I read this book when I was a kid and found it memorable without actually liking it, partly because I was very confused by the ending. I re-read it to see if the ending would make more sense as an adult, and also if I’d like it more. (Respectively, sort of and no.)

Maggie has two habits which make sense under the circumstances, but which did not endear her to me. One was her method of pre-emptively making people hate her, which was to be as mean and obnoxious as possible. The other is a mental game in which she explains ordinary things to the imaginary “Backwoods Girls,” who have never heard of anything, while she calls them stupid. This is present throughout the book, and goes on and on and ON for page after page after page. It was beyond tedious.

Her aunts are plain terrible. Her uncle is clearly supposed to be endearing, but he speaks entirely in unfunny whimsical jokes and flights of fancy, and literally never says anything normal ever, not even when it’s clear that his “humor” is confusing and upsetting Maggie.

The living dolls are in an extremely Uncanny Valley in that I think they’re supposed to be slightly creepy but mostly lovable, but came across to me as mostly creepy but not in a scary or fun/scary way. They’re dolls possessed or animated by the spirits of Maggie’s ancestors who died in a fire, and sit drinking imaginary tea and reading the newspaper headline about their death without ever understanding that’s what it is, and having the same conversations over and over and over. This afterlife seems more subtly horrific than sweet to me, especially as the way they keep looping through the same conversations and not remembering things is unintentionally reminiscient of dementia. Or maybe that is intentional, who knows.

Maggie gets angry and smashes the dolls around, cracking the male doll’s head and knocking off the dog’s ear and detaching the woman doll’s leg. She fixes them later, but damaging inanimate but sentient things, especially if they feel pain as these dolls do, is a huge squick/creep-out for me and did not endear her to me.

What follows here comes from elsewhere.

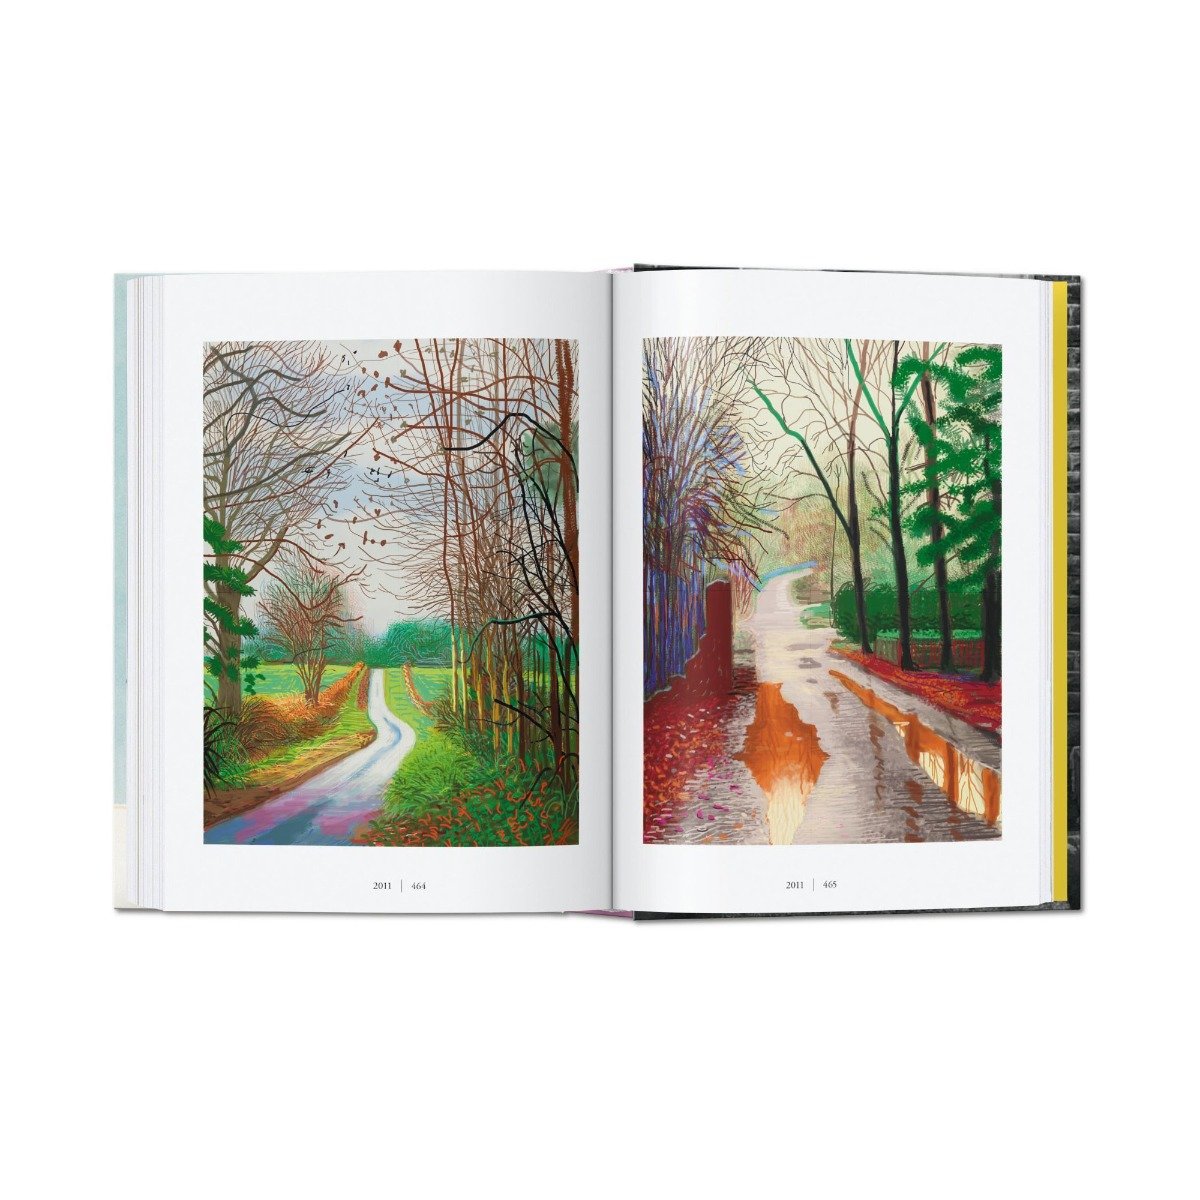 Two David Hockney paintings featured in A Chronology.

I like a lot of stuff that’s dark in some way or another, whether it’s scary horror or just deals with dark topics, but this book just felt unpleasant and unenjoyable.

Spoilers!



I read some reviews that said that the dolls are imaginary and Maggie is just creative and/or hallucinating. I don’t think this is supported by the text, as she learns things from the dolls that she only confirms later, and obtains items from the dolls that are from the past. Still, it is the sort of book where that reading isn’t totally out of the blue. She does hear the dolls as voices no one else can hear long before she finds them.

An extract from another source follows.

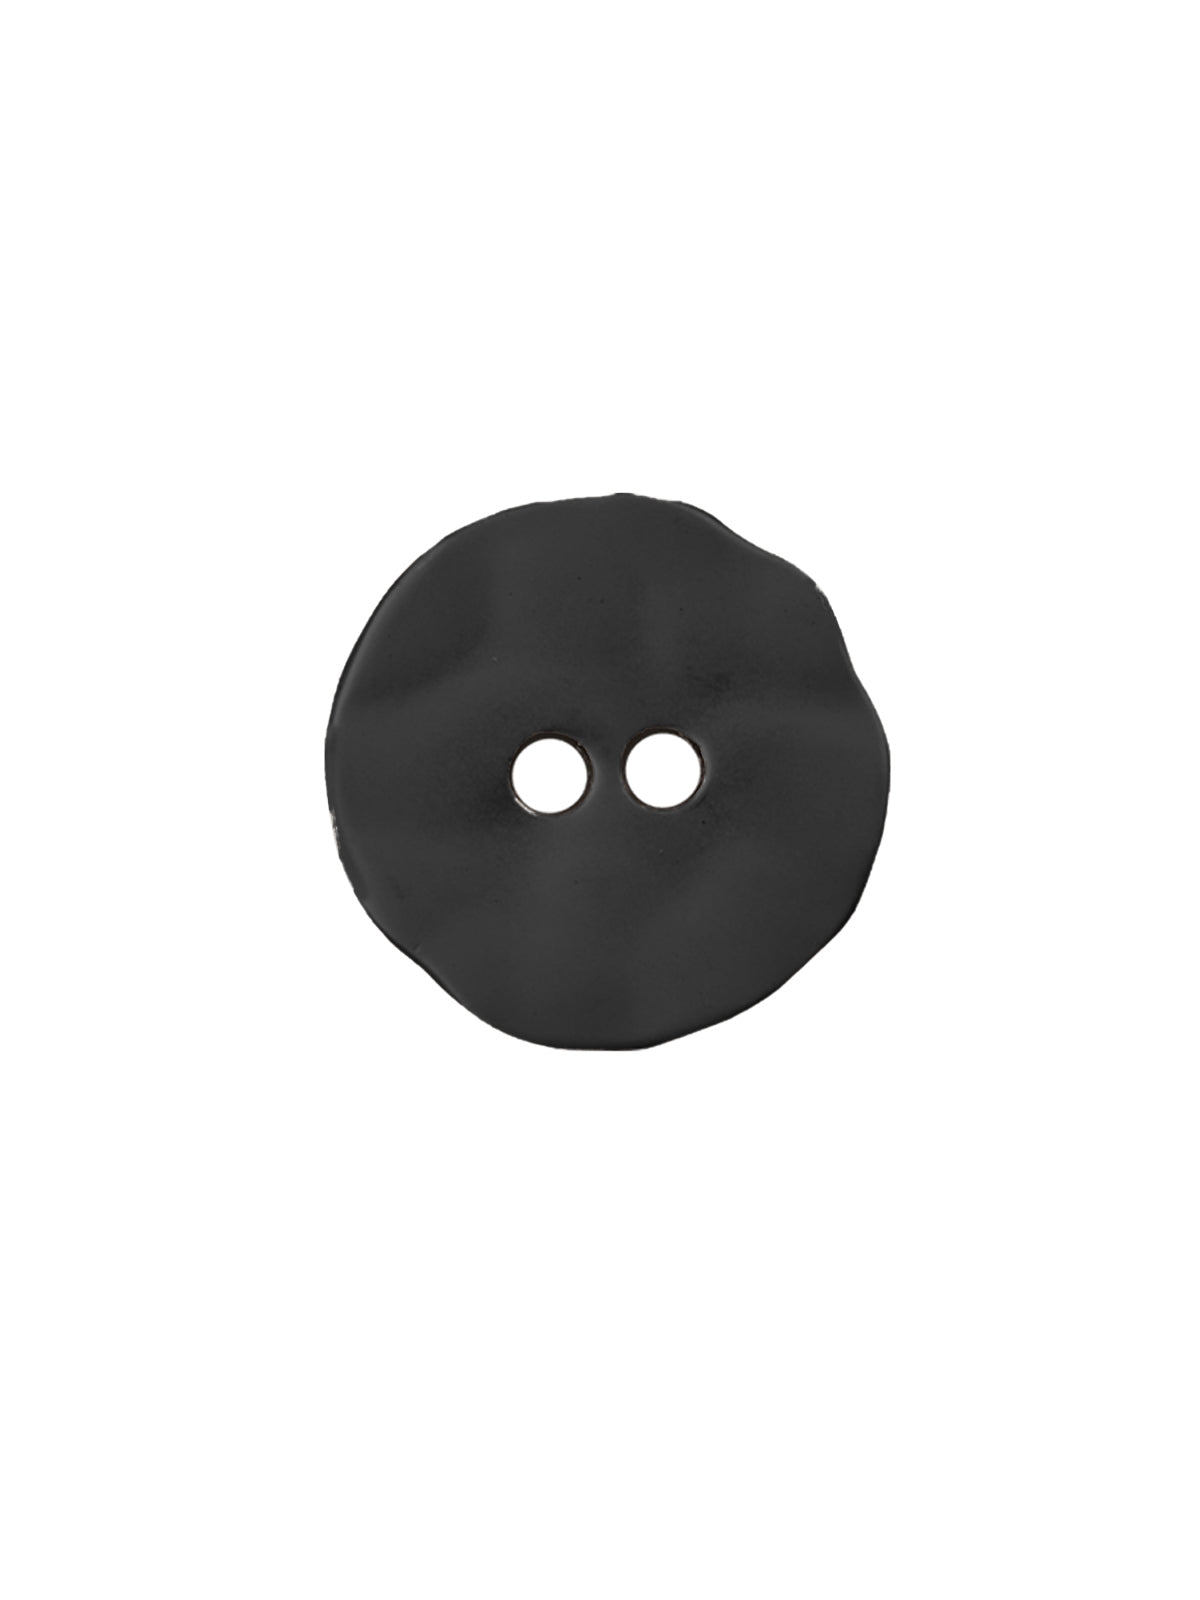 Round Shape with Uneven Edges Matte Metal Buttons

There is never any explanation of why her ancestors and their dog are now dolls, whether they’re animating pre-existing dolls or were literally transformed into dolls, or if everyone in the family becomes dolls after death or if it’s just them.

The dolls revert to being inanimate when Maggie is caught by her aunts with them. They only come alive again when the uncle dies and Maggie is about to be sent away again. The ending very clearly implies that the uncle is about to join them as a doll himself. This is played as heartwarming but I found it creepy. Though I have to say, he and his inability to have a sane conversation ever would fit right in!

When I was a kid, I thought probably the uncle had become a doll, but I wasn’t completely sure as you don’t actually see this and it’s not explicitly stated. Reading it now, it’s clear that he definitely becomes a doll.

So, when Maggie dies, will she too join the dolls in the attic? EEK!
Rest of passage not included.